Restate the records below exactly. Pictures are not part of the copy.

Stored items from a collection:
'''

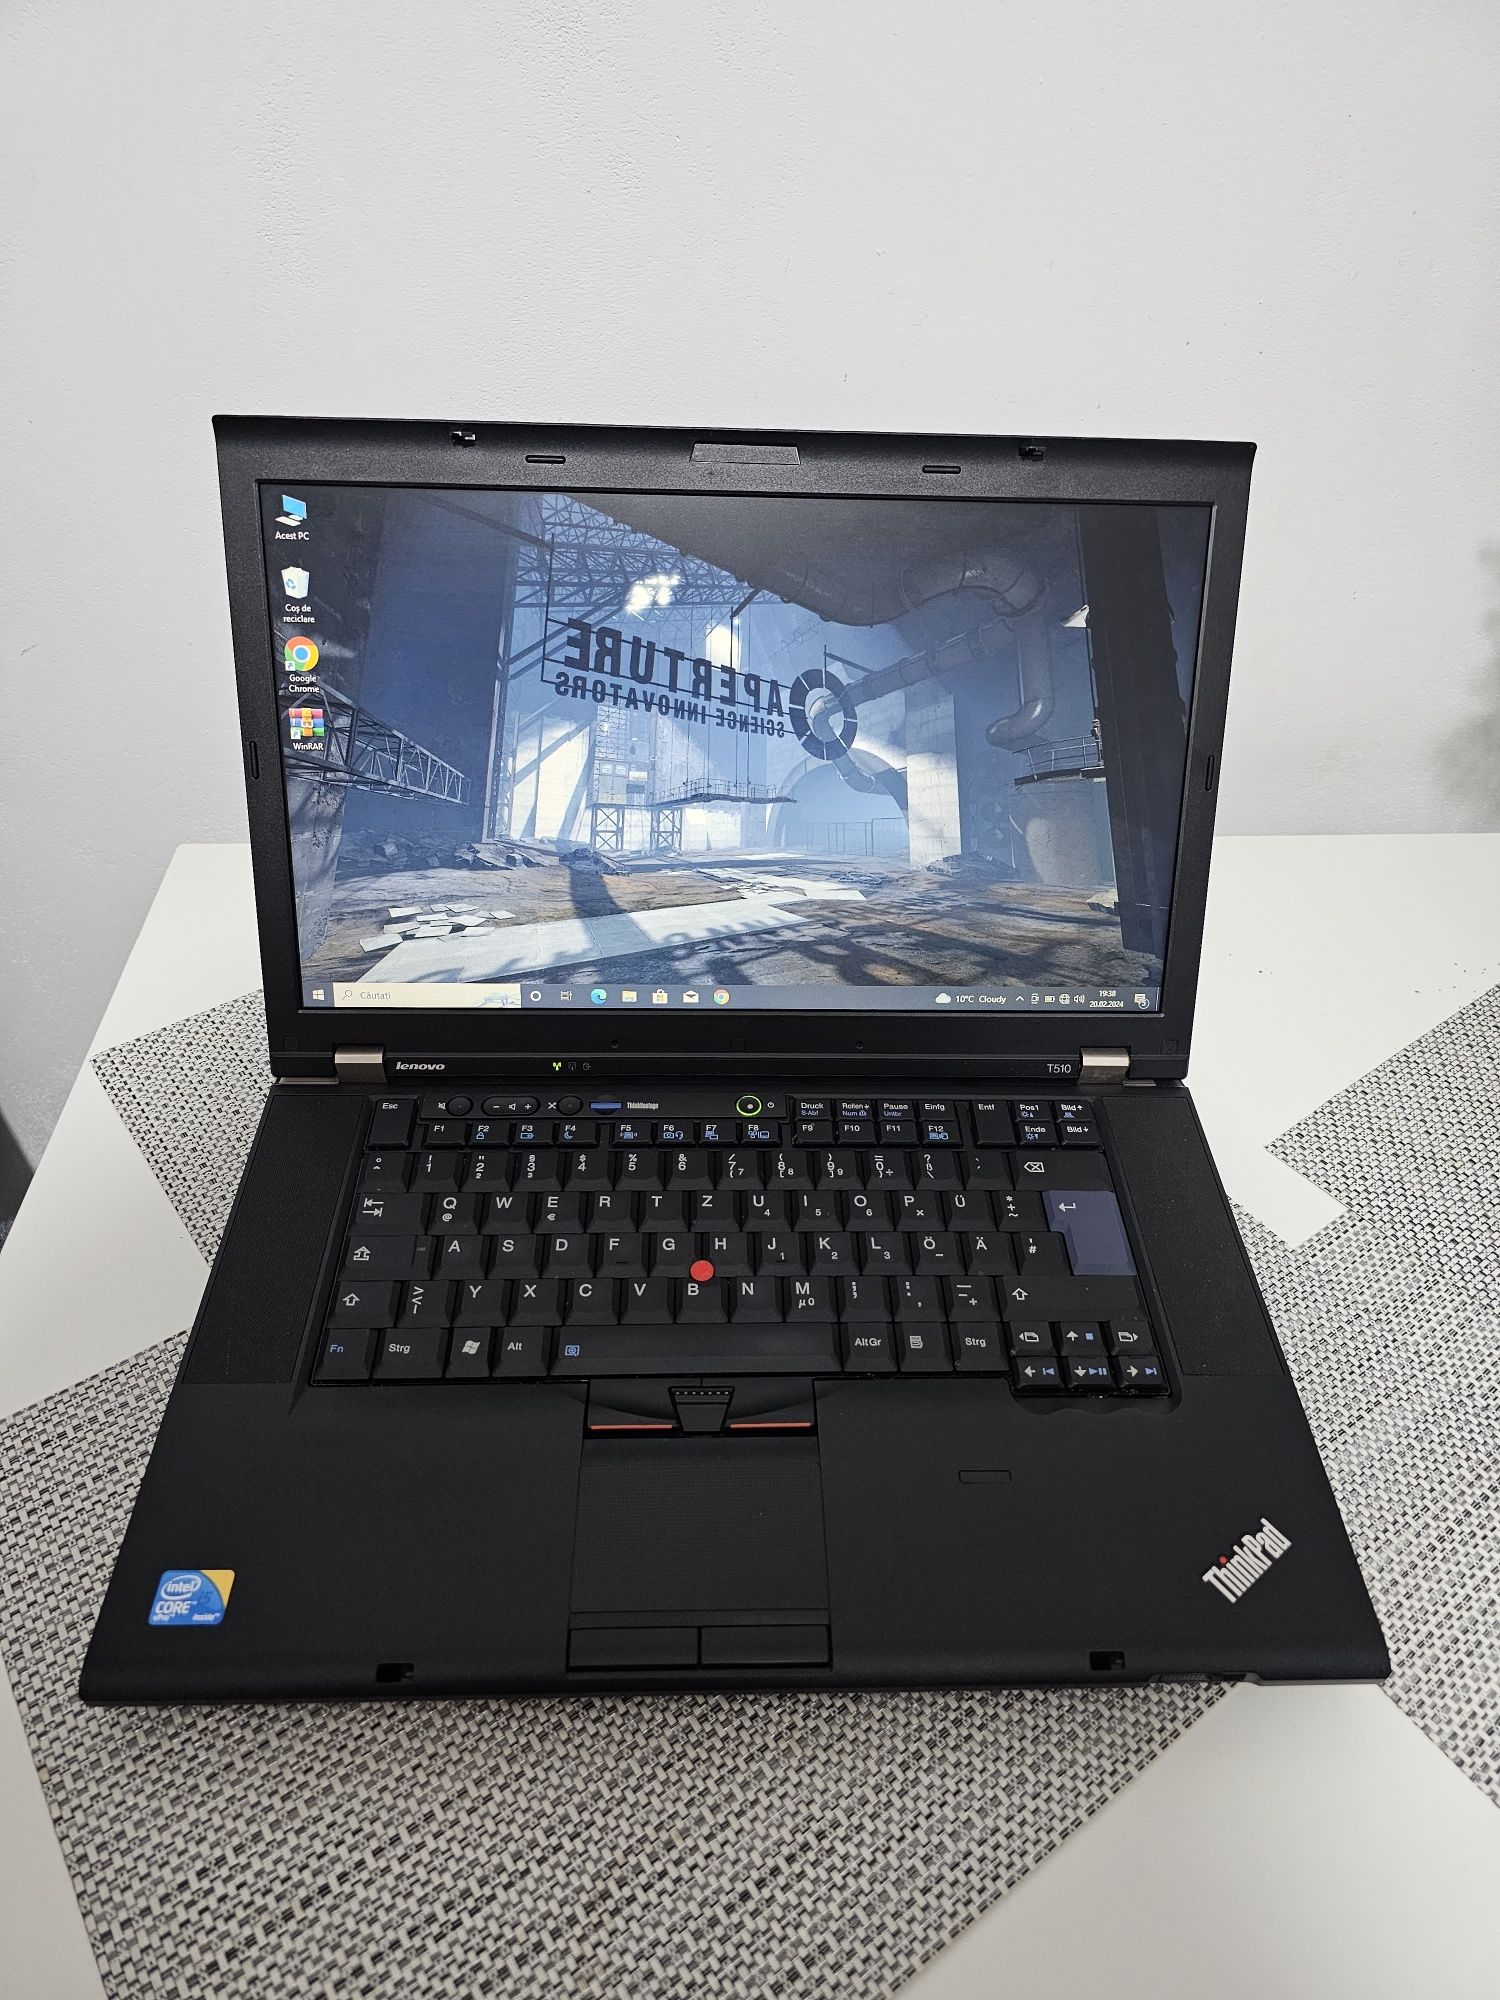 Laptop Lenovo Thinkpad i5 
Procesor i5 2.4Ghz 
Ram 4gb
Ssd 120gb
Bater

'''

Answer to the exercise:
 Laptop Lenovo Thinkpad i5 
Procesor i5 2.4Ghz 
Ram 4gb
Ssd 120gb
Bater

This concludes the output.